= Conidial anastomosis tubes =

Cells found in some fungi

Conidial anastomosis tubes (CATs) are cells formed from the conidia (a type of fungal asexual spores) of many filamentous fungi. These cells have a tubular shape and form an anastomosis (bridge) that allows fusion between conidia.

CATs and germ tubes (germination tubes) are some of the specialized hyphae (long cells formed by filamentous fungal species) that are formed by fungal conidia. CATs are morphologically and physiologically distinct from germ tubes and are under separate genetic control.

Germ tubes, produced during conidial germination, are different from CATs because: CATs are thinner, shorter, lack branches, exhibit determinate growth, and home toward each other.

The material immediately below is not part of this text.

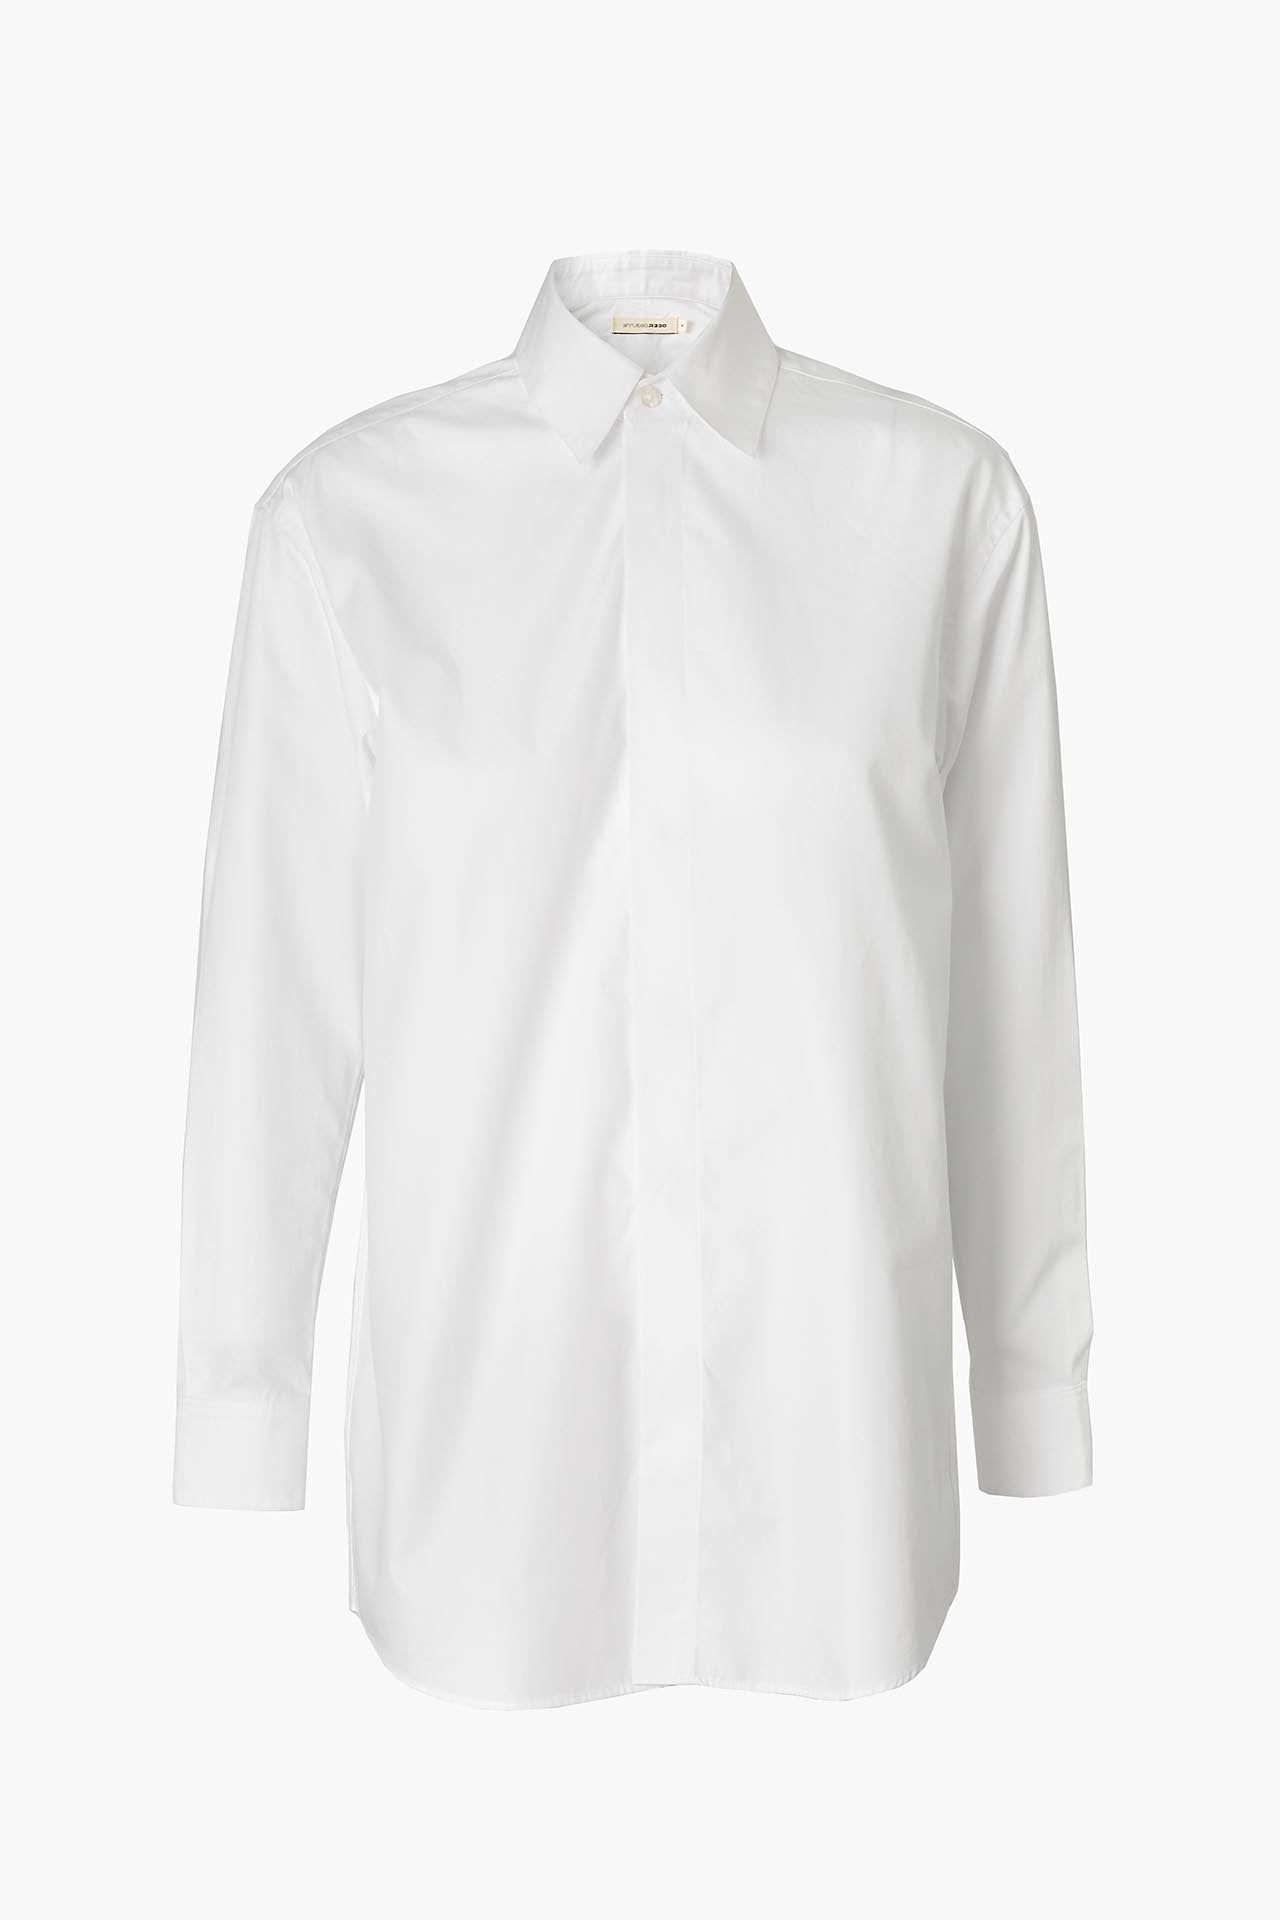 White Cotton Shirt - Regular Fit

CAT biology is not completely understood. Initially, conidia are induced to form CATs. Once they are formed, they grow homing toward each other, and eventually they fuse. Once fusion occurs, the respective nuclei can pass through the fused CATs from one conidium to the other. These are events of fungal vegetative growth (asexual reproduction) and not sexual reproduction. Part of the CAT fusion (cell fusion) has been shown to be a coordinated behaviour.

The filamentous fungus Neurospora crassa (a bread mould and fungal model organism) produces CATs from conidia and conidial germ tubes. In contrast, the fungal plant pathogen, Colletotrichum lindemuthianum, only produces CATs from conidia and not from germ tubes.

Fusion between these cells seems to be important for some fungi during early stages of colony establishment. The production of these cells has been suggested to occur in 73 different species of fungi.